Quantos dias por pavimento o andaime consome com montagem e desmontagem?

Em média, o ciclo completo de desmontagem, transporte, remontagem e inspeção consome de 2,5 a 3,5 dias por pavimento. A variação depende da área de fachada e do tamanho da equipe de montagem.

Plataforma elevatória elimina totalmente o tempo de montagem?

Praticamente sim. O tempo de setup de uma plataforma tesoura ou articulada é de 15 a 30 minutos. Ela chega ao canteiro pronta para operar, sem necessidade de montagem estrutural.

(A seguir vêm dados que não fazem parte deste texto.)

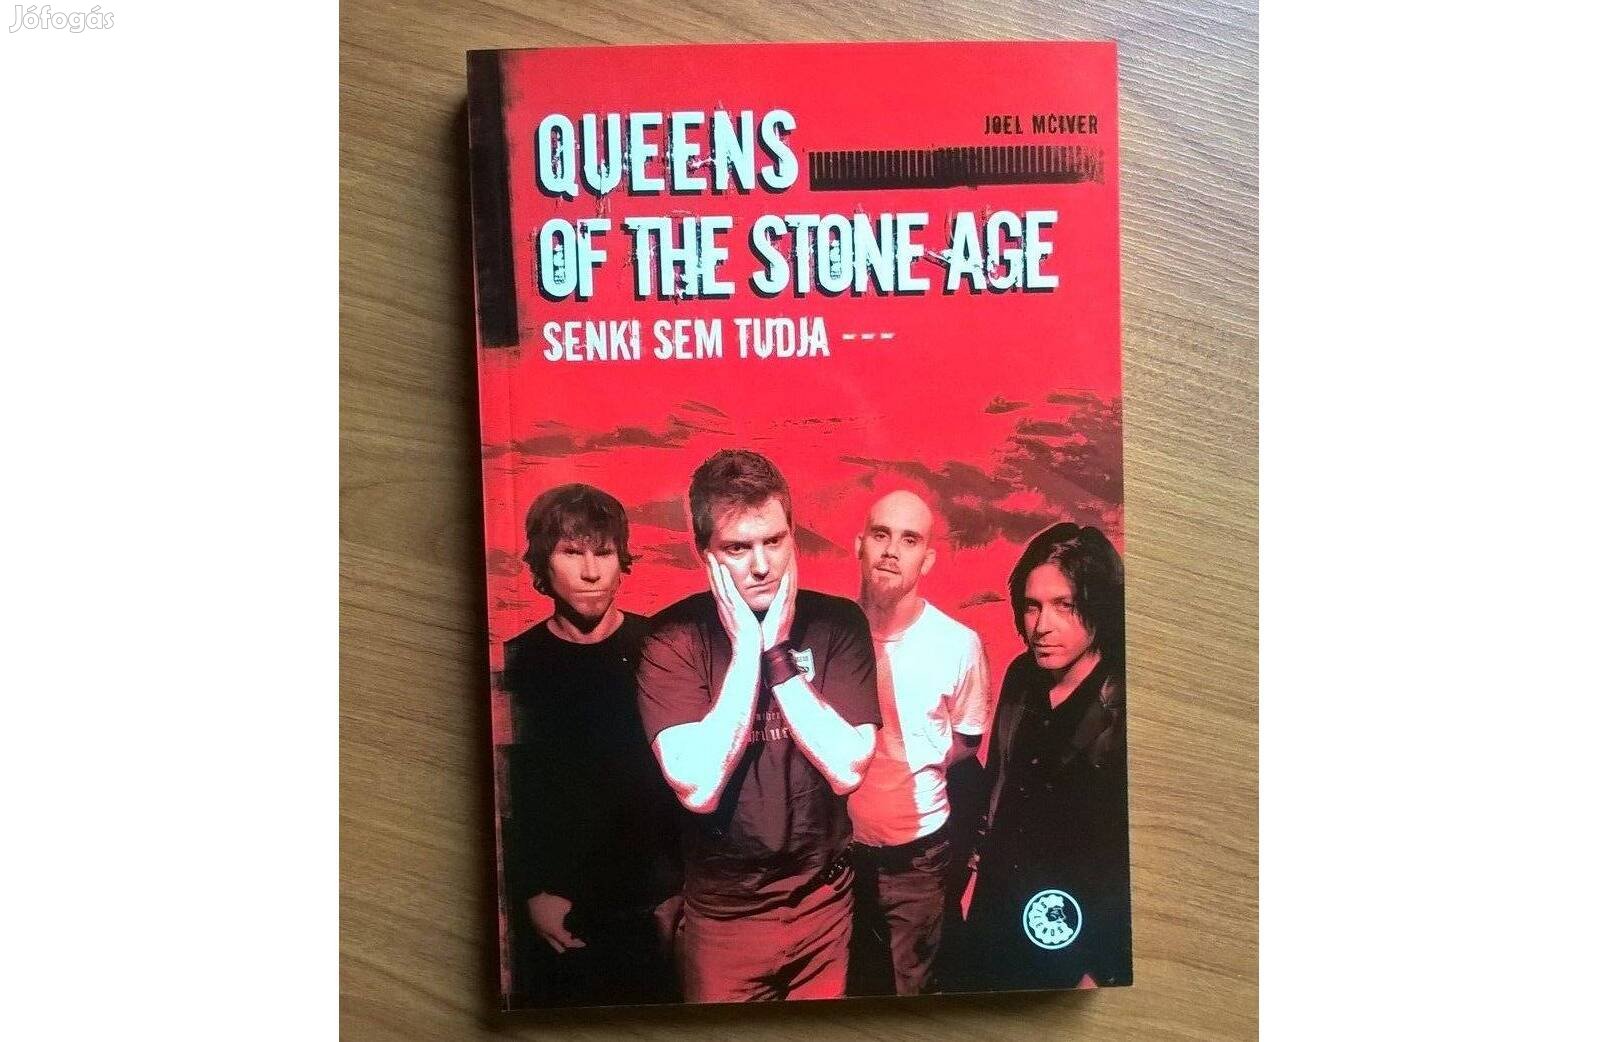 Joel Mciver - Queens Of The Stone Age

Em quais situações o andaime ainda é a melhor escolha?

Quando o serviço é contínuo no mesmo nível por semanas, quando o piso não suporta o peso da plataforma, ou quando a altura não passa de 6 metros com acesso simples.

A multa por atraso de obra cobre o custo de alugar plataforma?

Na maioria dos contratos, um único dia de multa (0,5% a 2% do valor da obra) já paga mais de um mês de locação de plataforma tesoura. Em obra de R$ 2 milhões, a conta é direta: R$ 10 mil a R$ 40 mil por dia de multa, contra R$ 2.800 a R$ 4.000 por mês de locação.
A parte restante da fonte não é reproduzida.